補助金の情報は、締切の直前になって急に流れてきます。会社設立の準備で手一杯の時期にそれを追いかけるのは大変です。ただ、公募の波そのものは年度に沿って動いていて、おおよその形があります。形さえ知っていれば、慌てて追いかける必要はありません。

補助金の年間スケジュールの流れ
補助金の年間の動きを並べた図

補助金は年度で動く。会社設立の日もそこに合わせられる

補助金は年度で動く。会社設立の日もそこに合わせられる|会社設立の補助金と支援
補助金は年度で動く。会社設立の日もそこに合わせられる

国の補助金は予算に紐づいています。予算は年度で区切られるので、制度も年度で動きます。同じ名前の補助金でも、年度が変われば補助率や上限額、対象になる経費が変わることがあります。

会社設立の側から見ると、これは使える性質です。狙う制度が年度の前半に公募回を置いているなら、会社設立をその前に済ませておけば、最初の回から申請できます。逆に年度末に会社設立をすると、次の年度の要件が出るまで様子見になります。

年度をまたぐときに変わりやすいもの

  • 1補助率と上限額
  • 2対象になる経費の範囲
  • 3加点になる要件(賃上げ、事業計画の認定など)
  • 4制度そのものの名称や統廃合

もうひとつ、年度のはじめは公募要領がまだ出そろっていない時期でもあります。前の年度の要領を見ながら準備を進め、最新版が出た時点で差分を確認する、という進め方になります。会社設立の準備と重なると負担が大きいので、前の年度の要領を読む作業は、比較的手の空いている時期に済ませておくと楽になります。
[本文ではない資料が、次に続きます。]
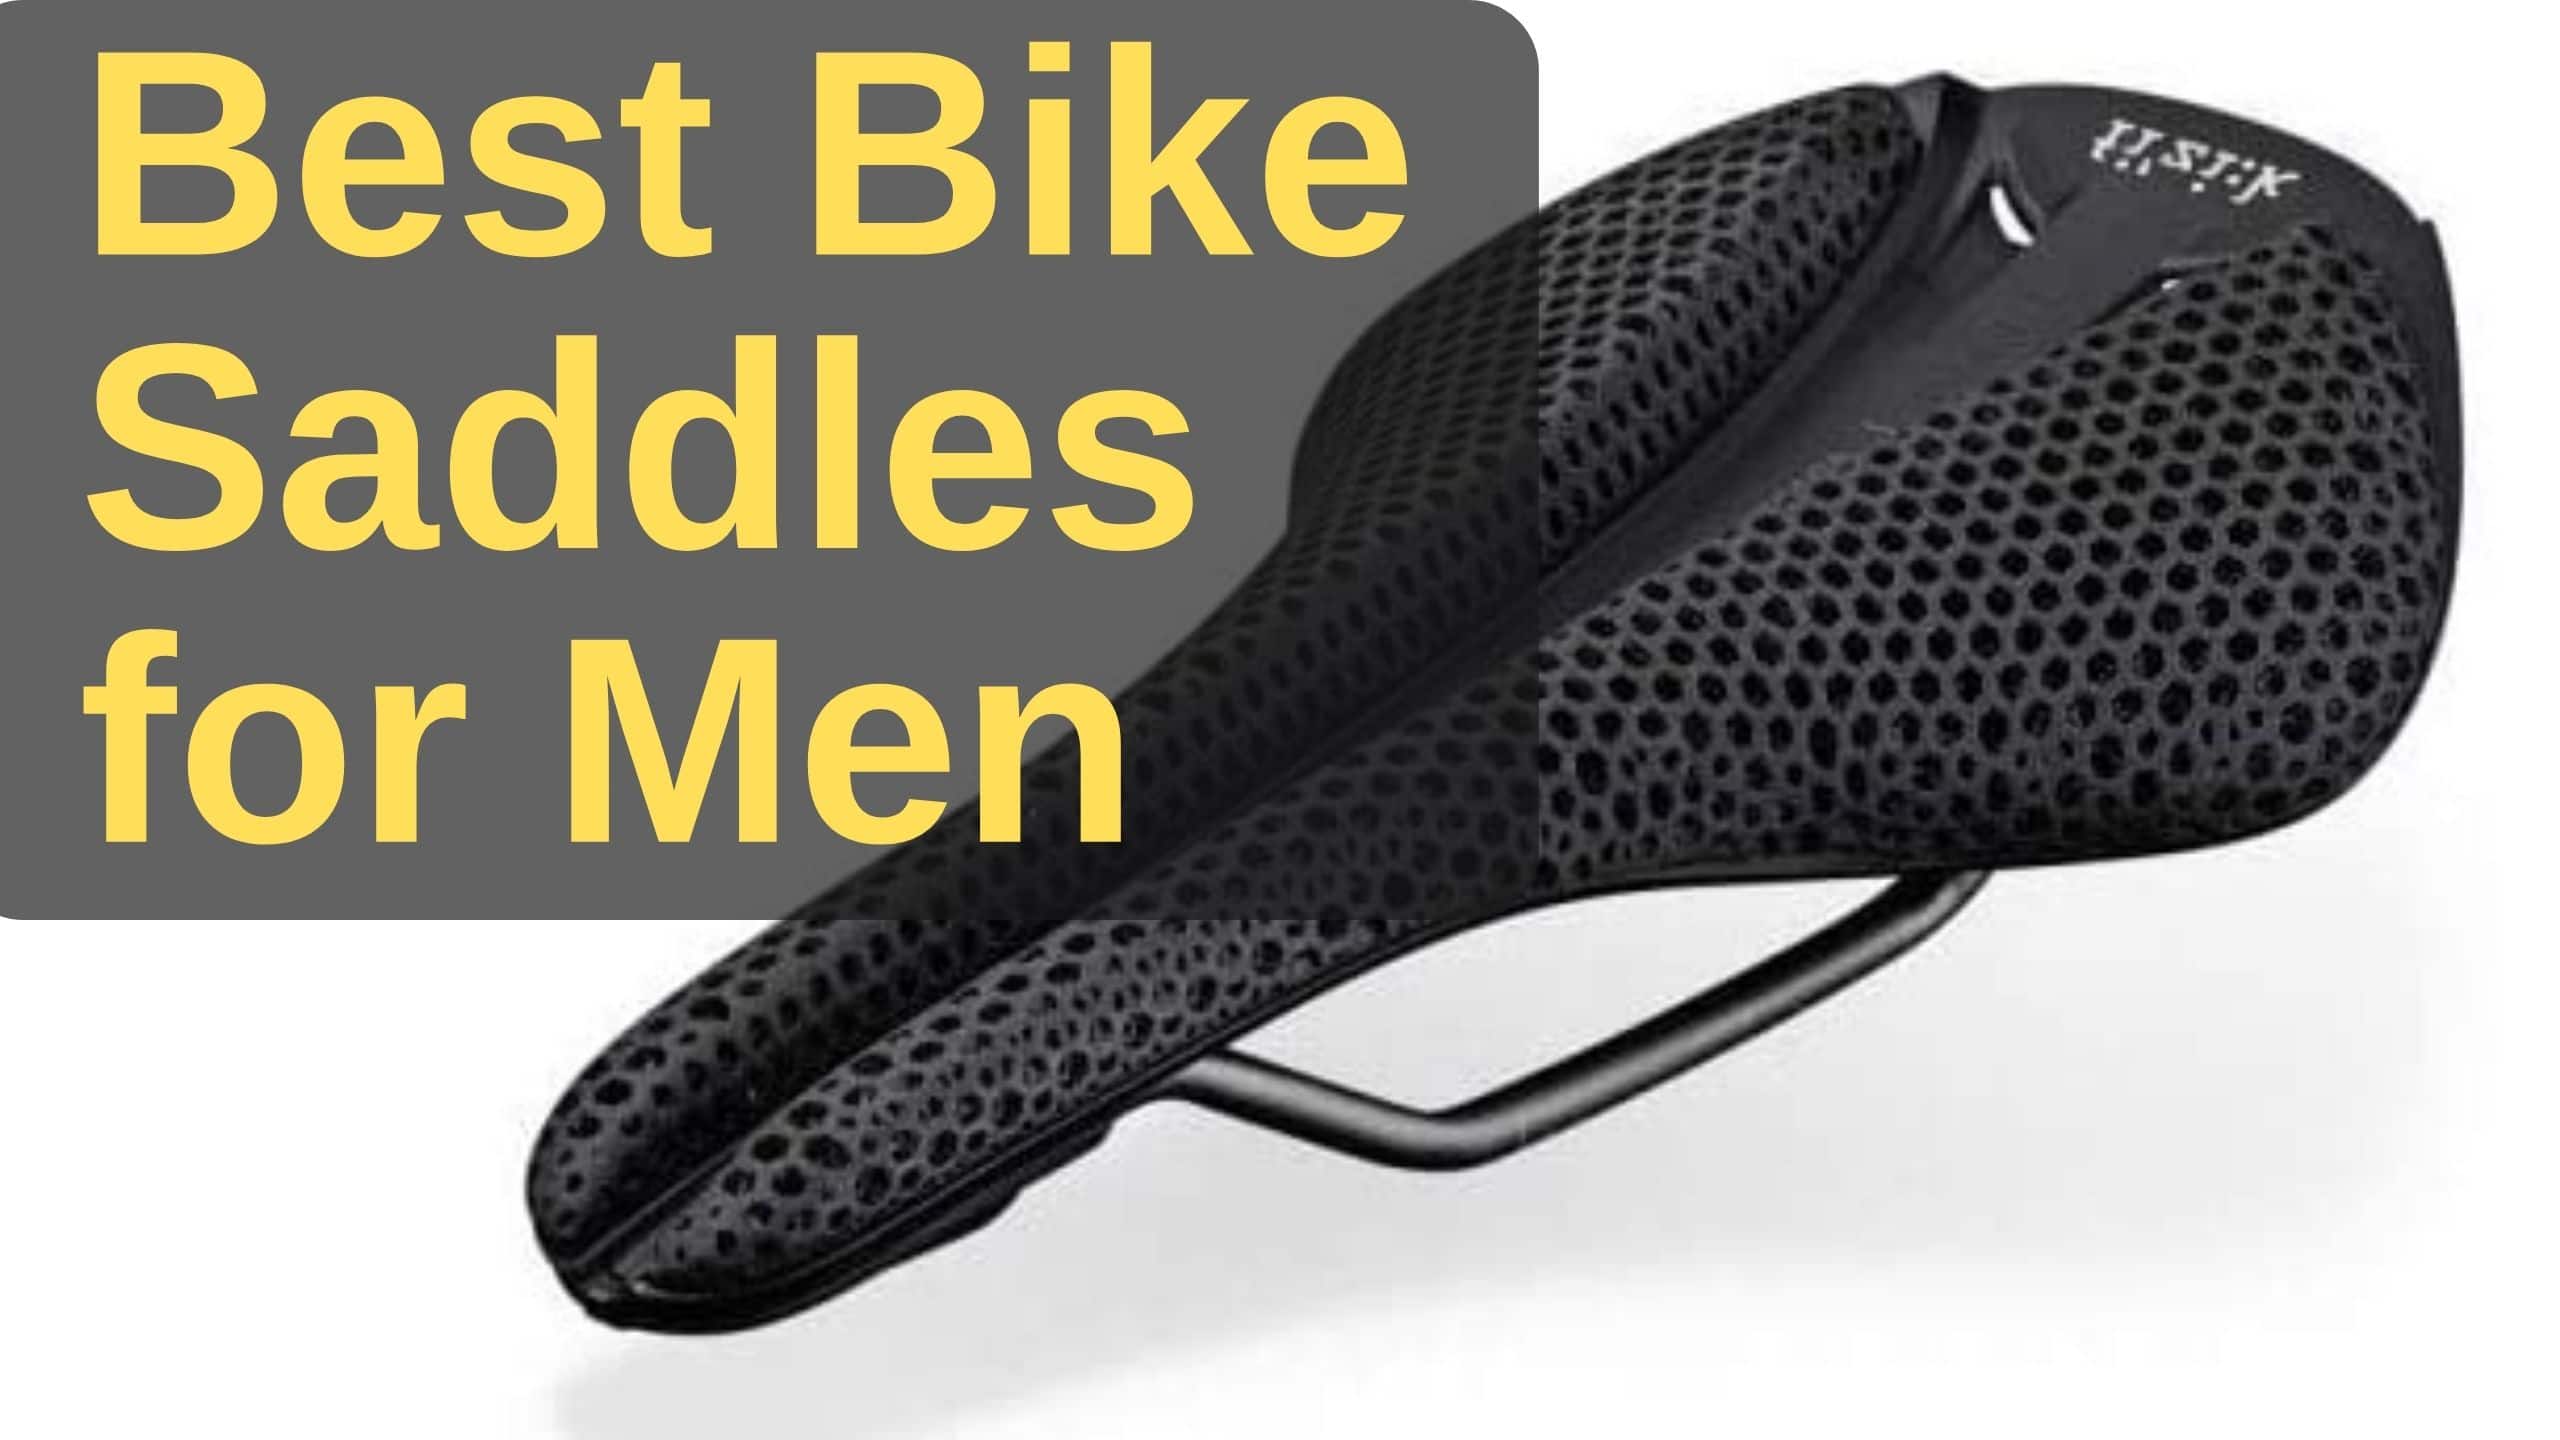 Best Bike Saddles for Men

四つ目は見落としやすい点です。たとえばIT導入補助金は、デジタル化・AI導入補助金という名称で運用されています。前の年度の情報だけを見て探すと、そもそも見つからないということが起きます。会社設立の年に調べるときは、年度と正式名称の両方で確認してください。
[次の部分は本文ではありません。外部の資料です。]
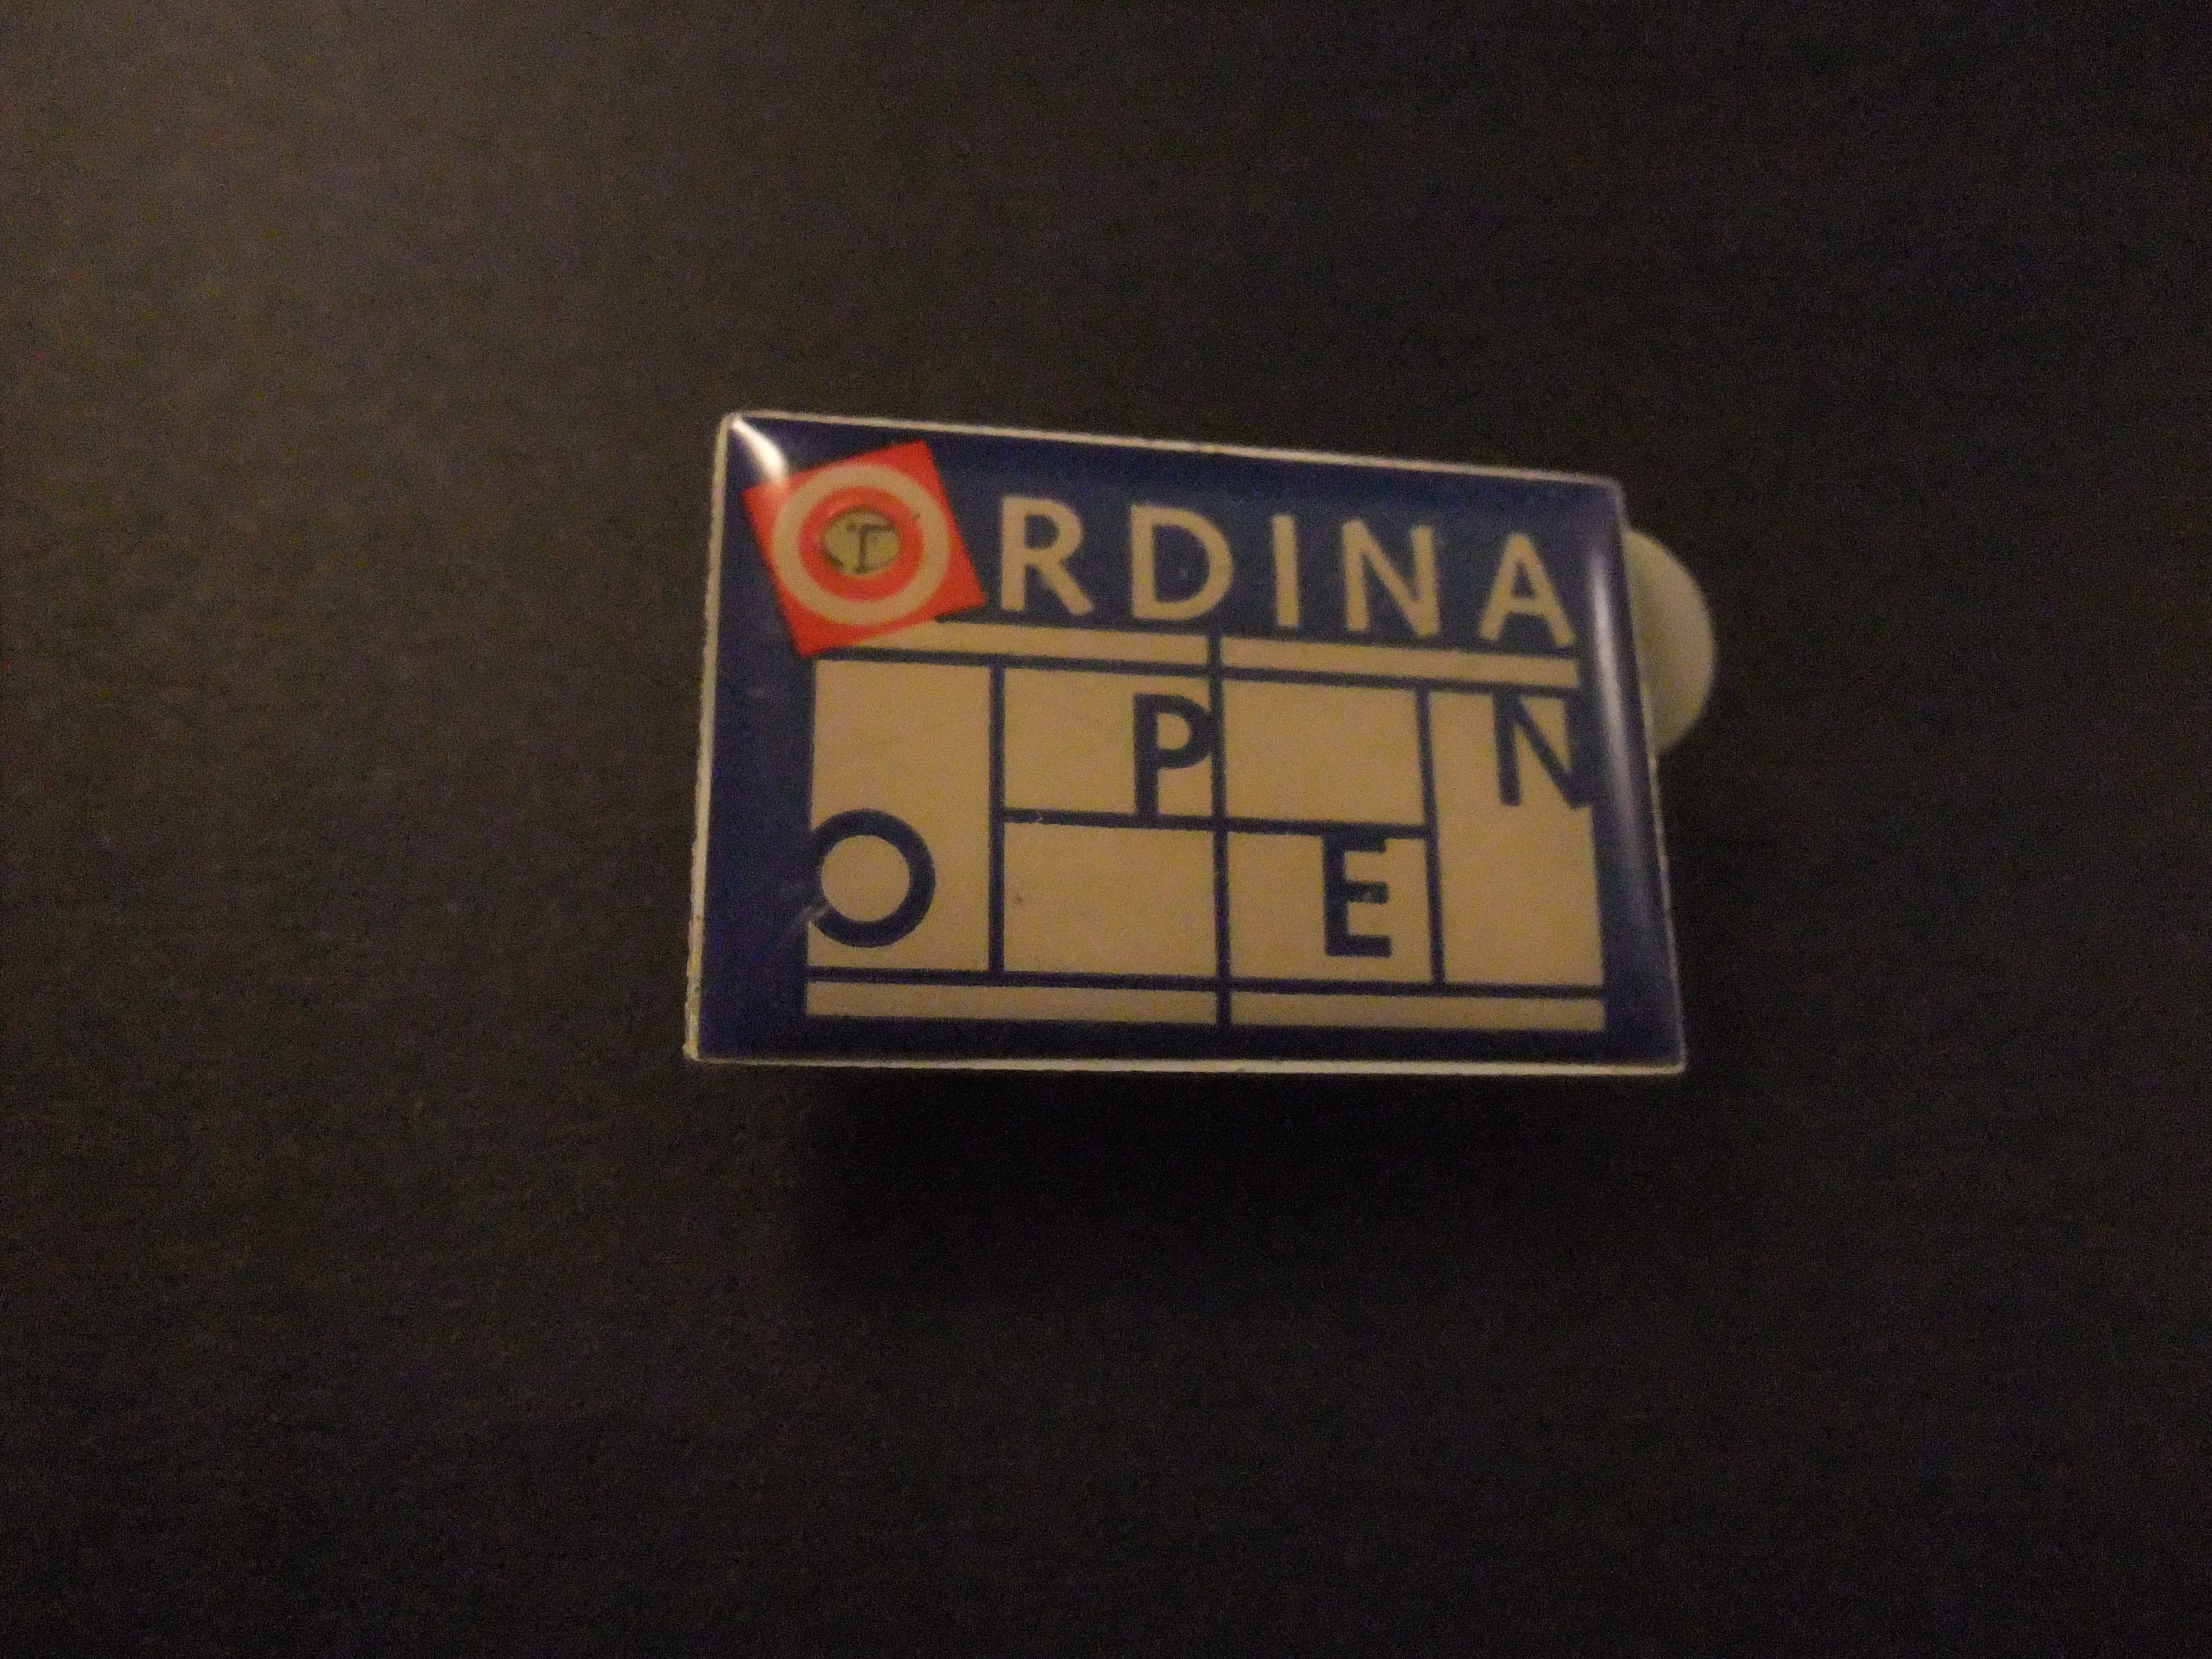 Ordina Open ( tennistoernooi van Rosmalen)

年度の区切りは制度側の都合です。会社設立の日を無理に合わせる必要はありませんが、選べる状況なら意識する価値があります。

出典小規模事業者持続化補助金(中小企業庁/2026-09-03 確認)

公募が重なる時期と、静かな時期がある

公募が重なる時期と、静かな時期がある|会社設立の補助金と支援
公募が重なる時期と、静かな時期がある

公募は年間を通じて均等に出てくるわけではありません。年度の初めから前半にかけて集中し、年度末は実績報告の期間になって静かになります。会社設立の準備をこの波に合わせられると、動きやすくなります。

制度によっては、年間で何回も公募回を設けています。小規模事業者持続化補助金は回を重ねて公募されており、ものづくり・商業・サービス生産性向上促進補助金も次数を重ねています。一回逃しても次があるという前提で、落ち着いて準備してください。
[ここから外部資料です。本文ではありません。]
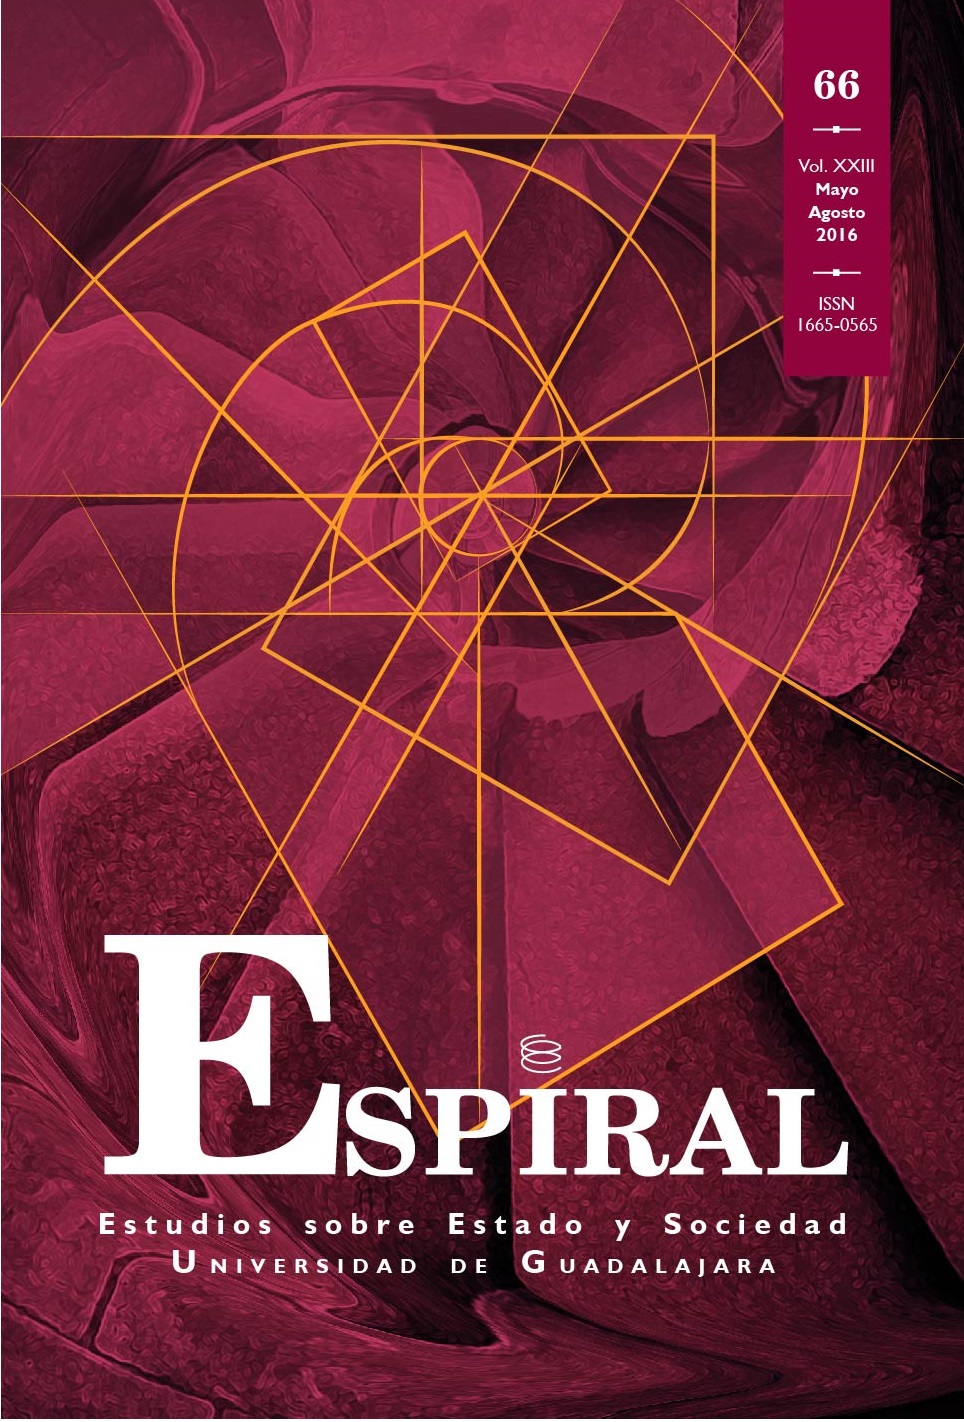 Portada de la revista Espiral, Estudios sobre el Estado y Sociedad. Universidad de Guadalajara, Vol.23 Núm. 66 (Espiral, Estudios sobre Estado y Sociedad, 2017)

公募の波に合わせた、会社設立からの動き方|会社設立の補助金
公募の波に合わせた会社設立からの動き方

静かな時期にやっておくこと

公募が少ない時期は、準備に向いています。会社設立の直後にやるべき届出を片づけ、GビズIDを取り、事業計画の骨格を書いておく。この三つが済んでいると、次の波が来たときに書類だけの作業になります。

  • 登記事項証明書を取っておく(申請でほぼ必ず求められます)
  • GビズIDプライムを申請する(郵送だと1〜2週間かかることがあります)
  • 商工会議所・商工会に一度顔を出しておく
  • 見積を取る先の目星を付けておく

波を意識すると、会社設立の日そのものの決め方も変わります。狙う制度の公募が年度の前半に来るなら、その前に登記を済ませておく。逆に急ぐ理由がないなら、次の年度の要領が出るのを待って、要件を確かめてから設立する。どちらも合理的な選び方です。大事なのは、なんとなく決めないことです。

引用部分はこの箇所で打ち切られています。